Being $ a $ and $ b \in \mathbb {Z} ^ {+} $ and $ 2560a = 10 ^ b $, show that $ 7 \mid (a + 3) $
$a=5^8*10 \equiv 2560 \equiv 5$ Does it serve as a counterexample?
or
$256a =10^{b-1}$ $2^8a= 2^{b-1} \cdot b^{b-1}$
$a+3 \equiv 0 $ (mod 7)
$5^8+3 \equiv 0$ (mod 7)
$(-2^8)+3 \equiv 0$ mod 7
$256 + 3 \equiv 0$ mod 7
$ 259 \equiv 0$ mod 7
On
\begin{align} 2560a &= 10^b \\ 5a &\equiv 3^b \pmod 7 \\ a &\equiv 3^{b+1} \pmod 7 \\ a+3 &\equiv 3^{b+1}+3 \pmod 7 \\ \hline 3^{b+1}+3 &\equiv 0 \pmod 7 \\ 3 \cdot 3^b &\equiv 4 \pmod 7 \\ 3^b &\equiv 6 \pmod 7 \\ b &\equiv 3 \pmod 6 &\text{See table below}\\ a &\equiv 4 \pmod 7 &\text{See table below} \end{align}
\begin{array}{|r|rrrrrr|} \hline b \pmod 6 & 0 & 1 & 2 & 3 & 4 & 5 \\ 3^b \pmod 7 & 1 & 3 & 2 & 6 & 4 & 5 \\ a \pmod 7 & 3 & 2 & 6 & 4 & 5 & 1 \\ \hline \end{array}
Since $a \not \equiv 4 \mod 7$, then $7 \not \mid a+3$.
Yes $a=2 \times 5^9$ serves as a counterexample. BUT your reasoning why it is a counterexample is not a well-written proof.
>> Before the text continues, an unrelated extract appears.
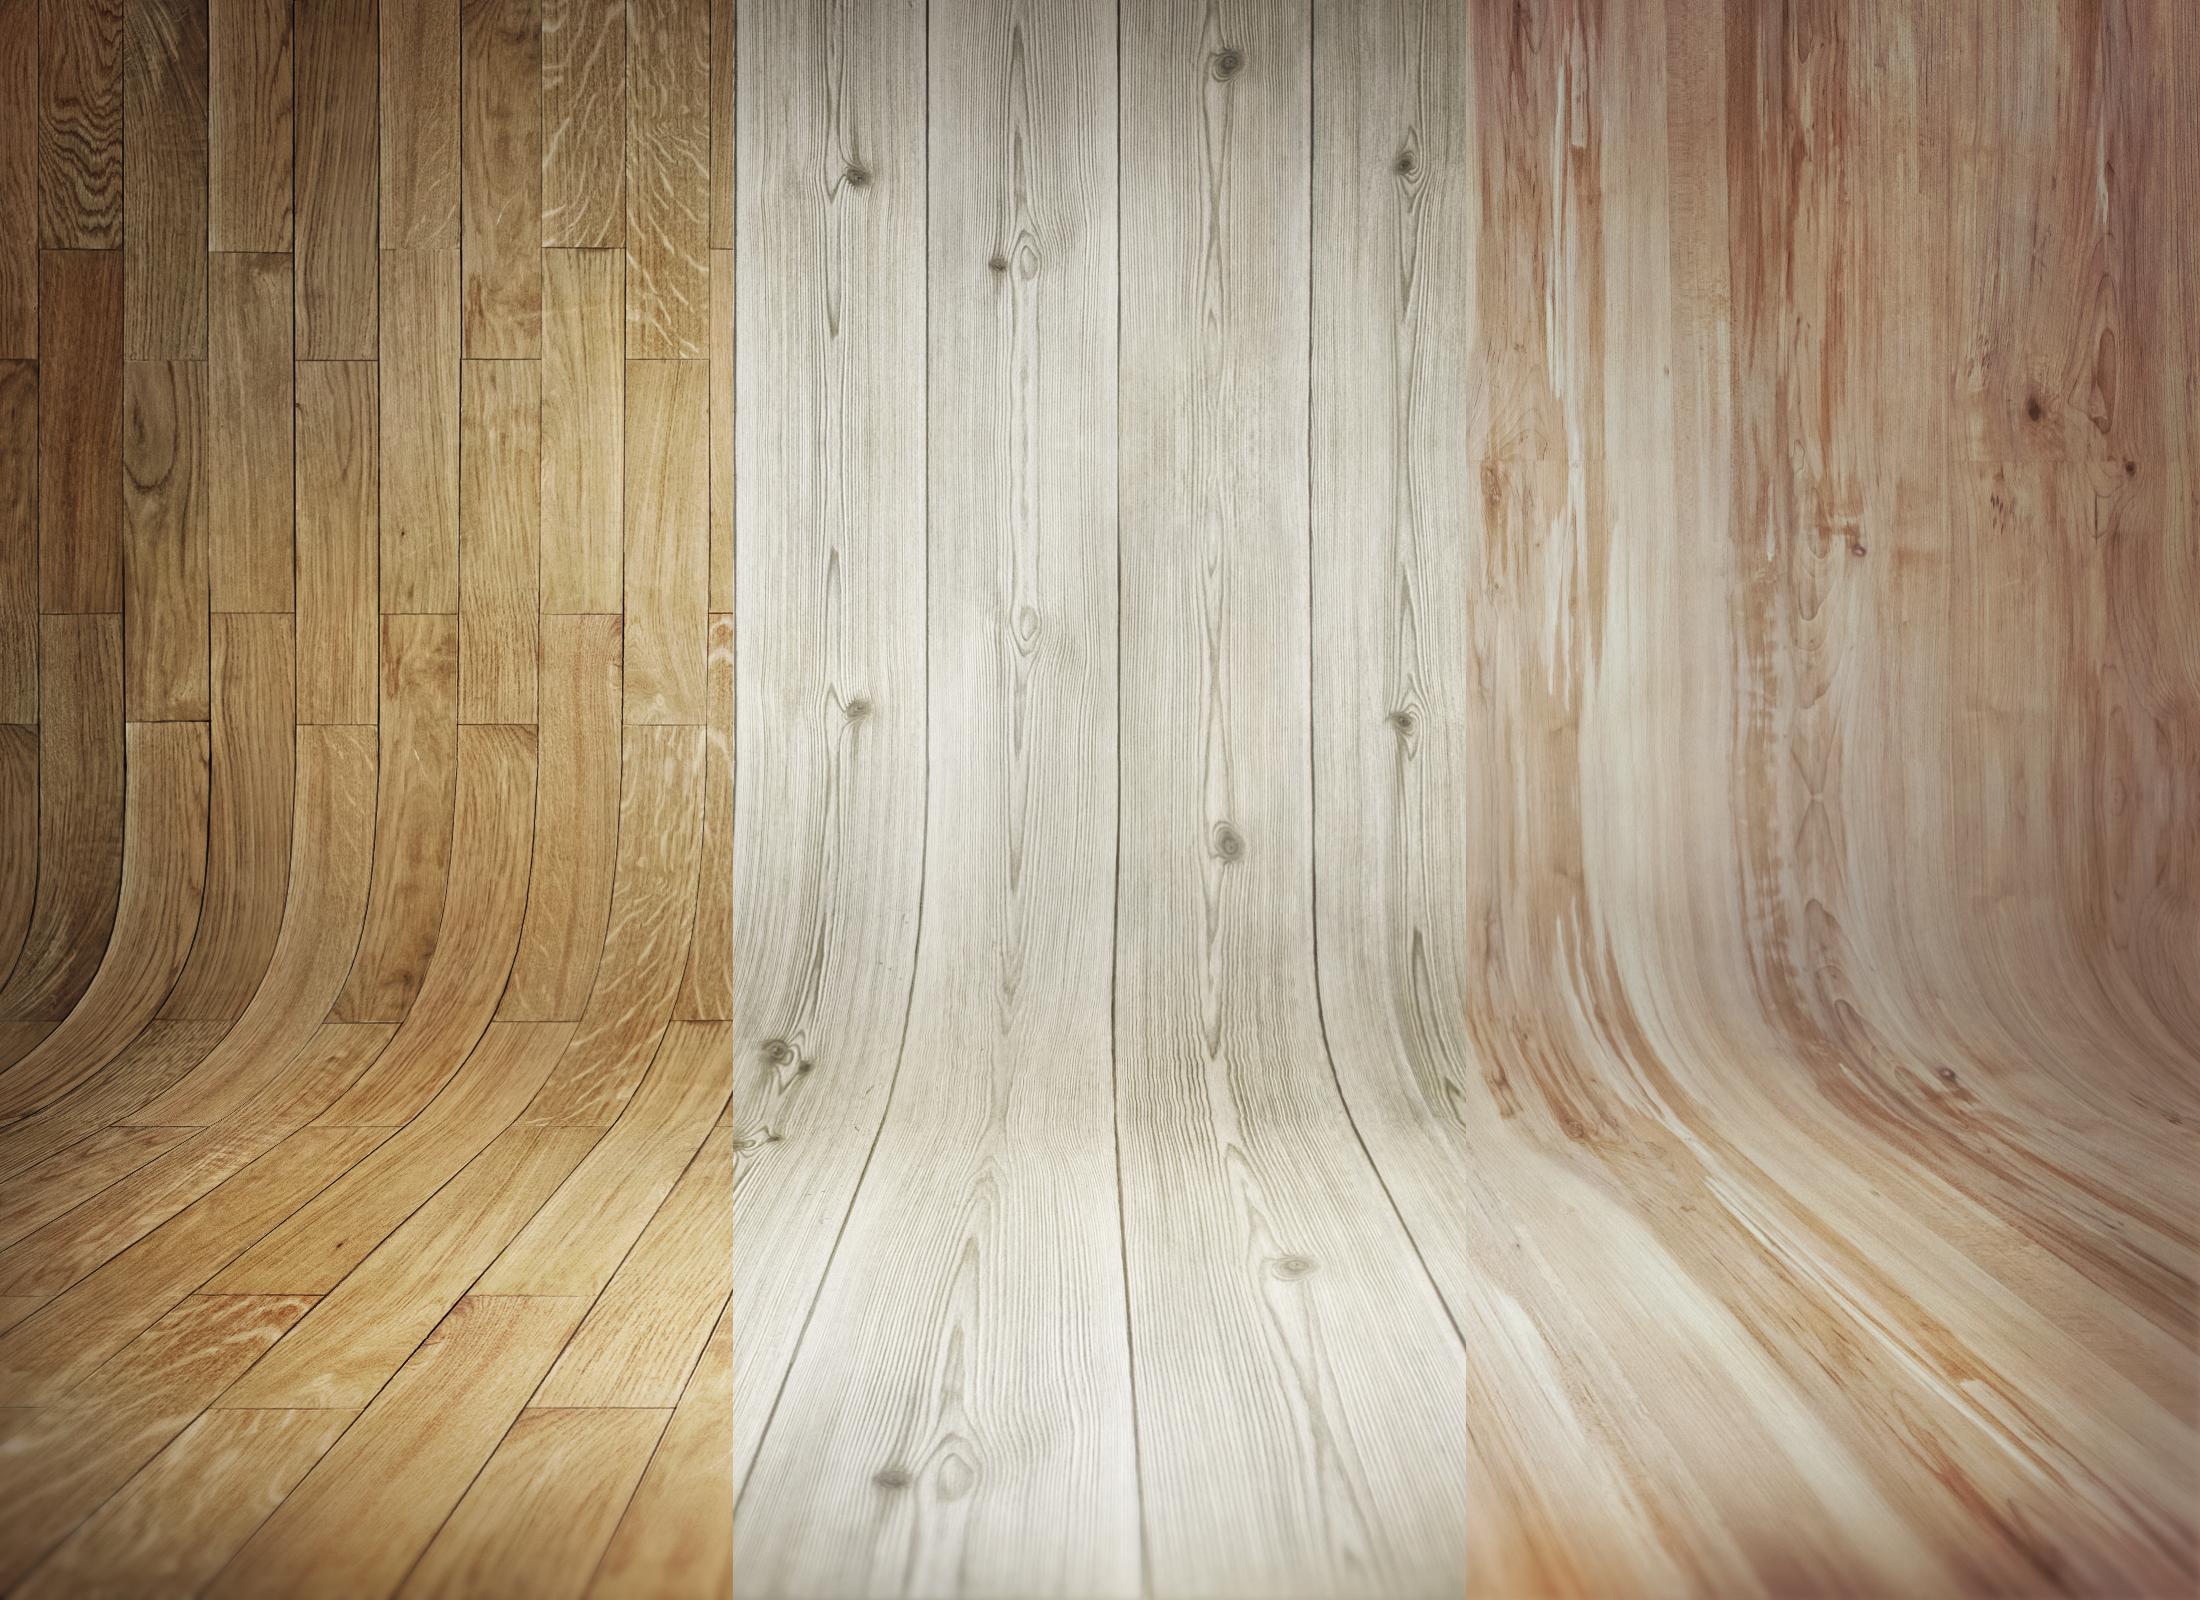 Download Wallpaper Keren 3d 3 Curved Wooden Backdrops Vol 1 Graphicburger
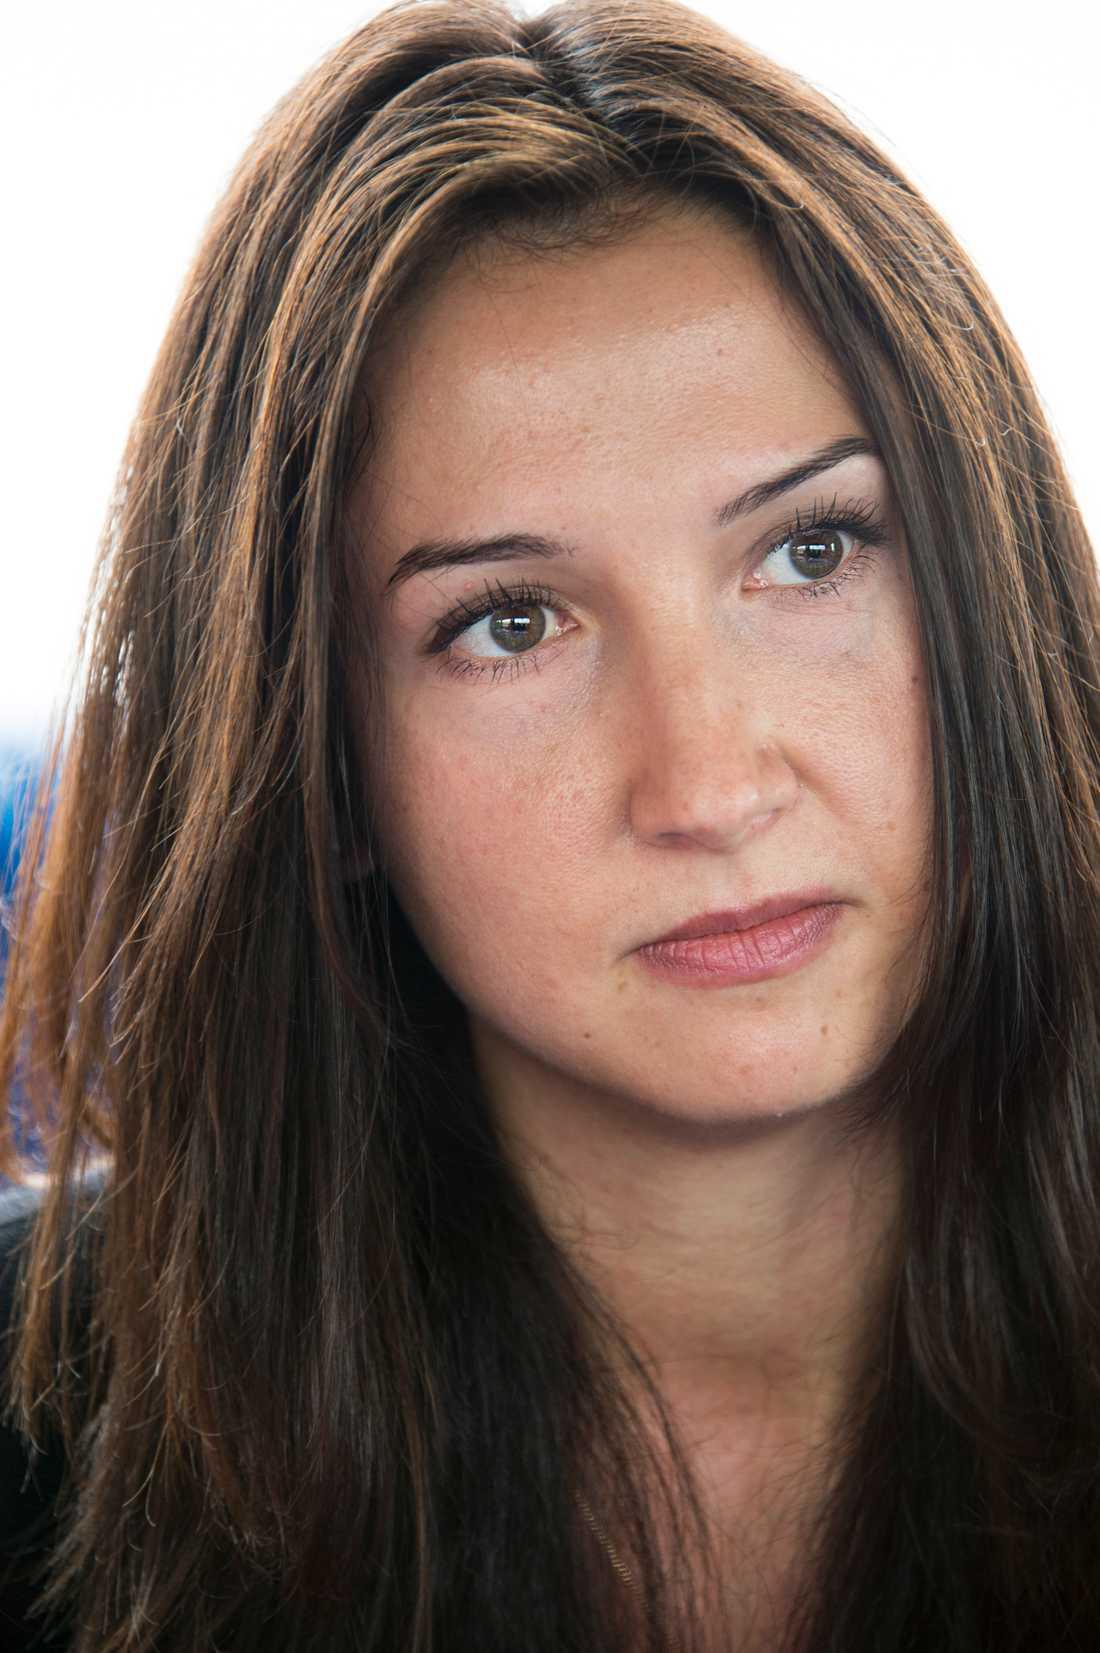 Aida Hadzialic anonym hemma - kändis på Balkan

Here is how I would do it:
First note that $2560 a = 10 \times 2^8 \times 2 \times 5^9 = 10^{10}$. So $2560a$ is indeed of the form $10^b$ for $b=10$.
So now it suffices to show that 7 does not divide $a+3$. To this end, note that $a = 10 \times 5^8$, and that $5^8 \equiv_7 4$ whereas $10 \equiv_7 3$ so $a = 5^8 \times 10 \equiv_7 4 \times 3 \equiv_7 5$. So $a+3 \equiv_7 1 \not = 0$. So indeed, 7 does not divide $a+3$.